In no small part due to the supportive feedback I received in this thread but also on the basis of knowing there are actually cameras in both rooms where the assault took place, I decided that I had enough potential evidence to escalate this to a police report and so this afternoon that’s exactly what I did. Officers came and took both my verbal statement as well as my extremely detailed letter of complaint to the gym and things are now in motion (and being referred to the SVU).

I think those are those are all the latest updates for as of this evening, the police are on it and the studio acknowledges their own internal investigation too.

Now onto a few replies.

Thank you for helping me make this decision, your words made a difference!

Thank you, this logical way of thinking was also very helpful to me.

I sincerely appreciate your support!

Thank you.

Everything you wrote, including the shooting analogy, resonated with me, thank you.

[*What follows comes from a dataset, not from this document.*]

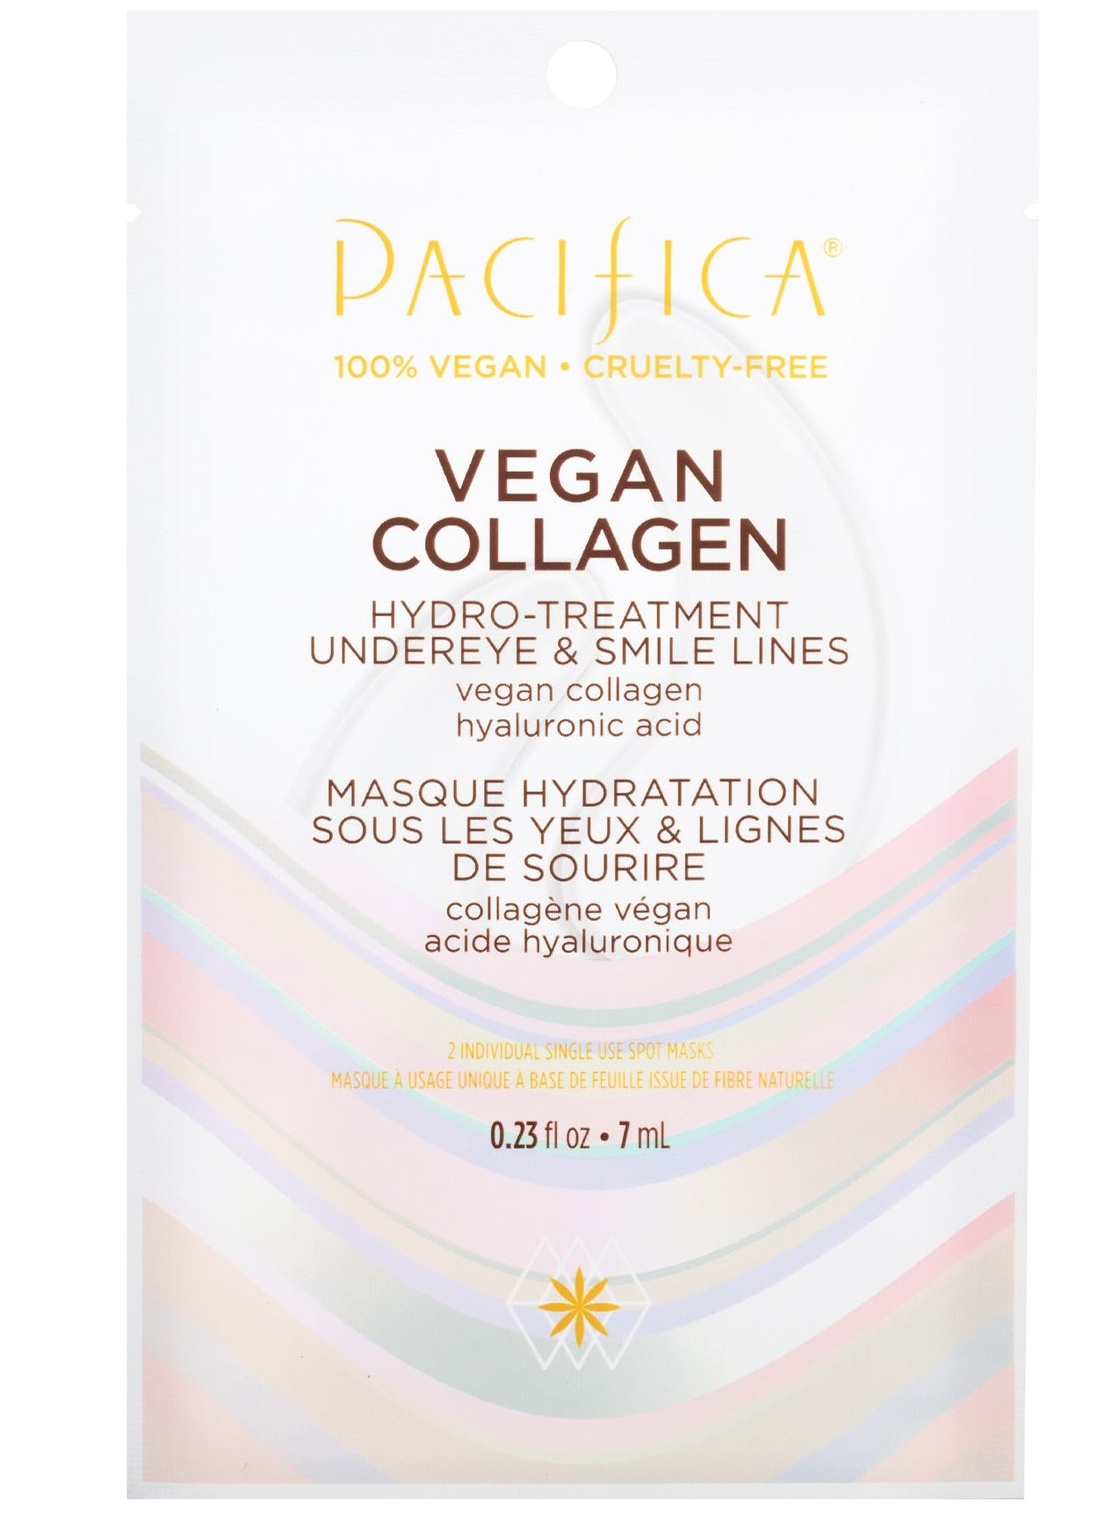 Pacifica Vegan Collagen Hydro-treatment Undereye & Smile Lines
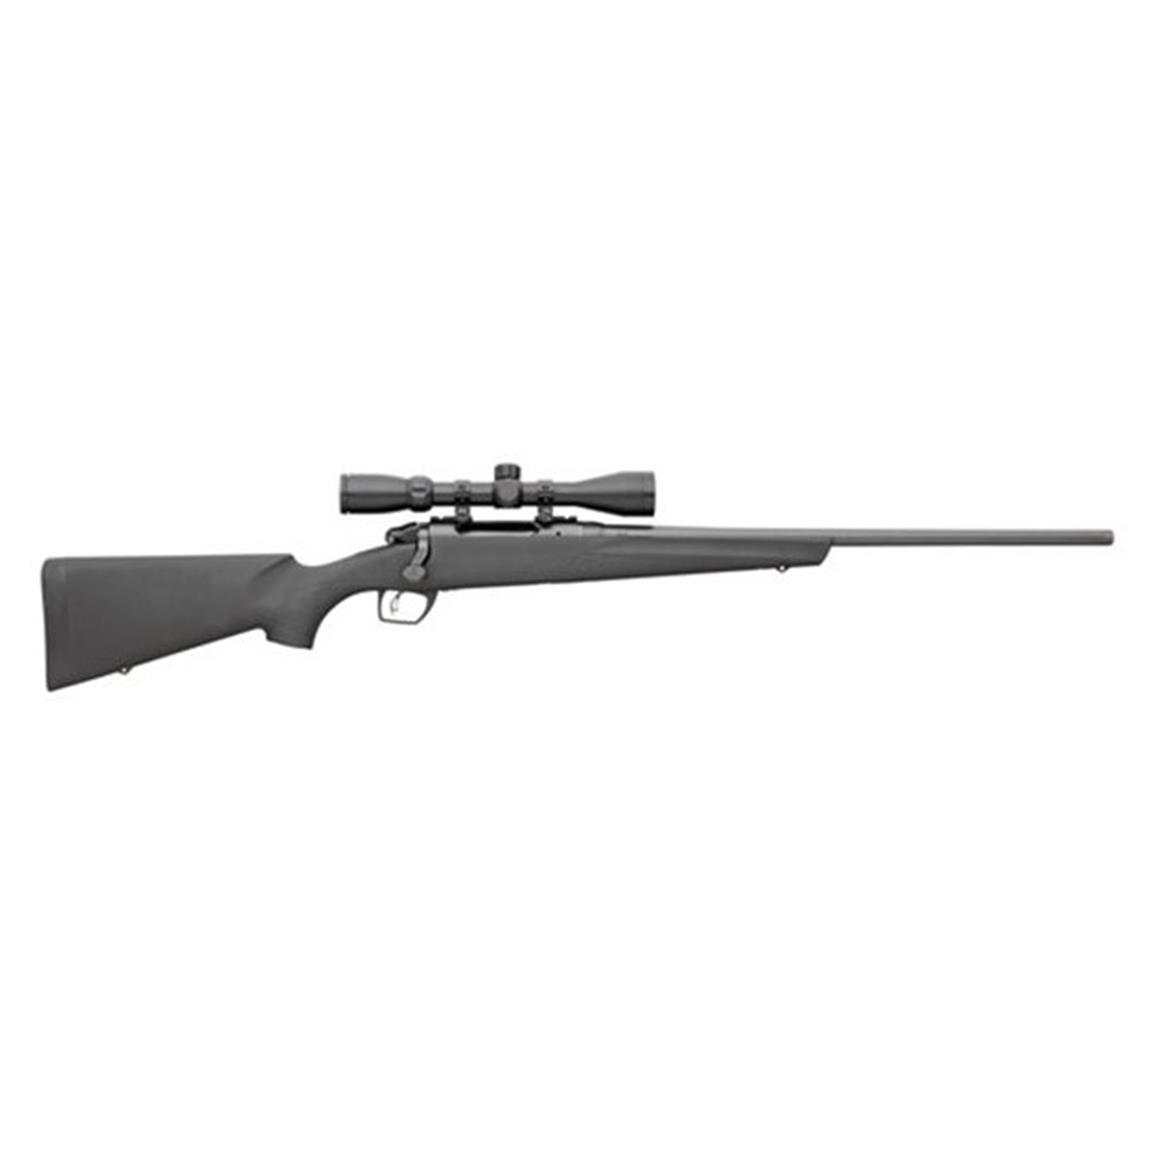 Remington 783, Bolt Action, .300 Winchester Magnum, 3-9x40mm Scope, 3 Rounds

A few last general comments: I think my story when describes in the manner I told it makes it very obvious what was going on here. But in reality, these events took place over three hours over two different classes. I have also been very fortunate in the past to never have had anyone try anything remotely like this before even outside of yoga so I was not at all attuned to looking for predatory behavior. I also have some self-esteem issues and wouldn’t consider myself beautiful enough to be a probable target for sexual assault. Obviously this way of thinking was a mistake and perhaps the man even targeted me for some of these reasons, I have no idea, I just really wasn’t expecting it and clearly missed numerous warning signs. I also doubted myself so even towards the end when I had suspicions and saw an obvious erection I was questioning myself and wondering if it was a coincidence or something…yes I know it was stupid but I have never experienced a sexual assault and this one was carefully disguised so I really wasn’t sure what was happening until it was over.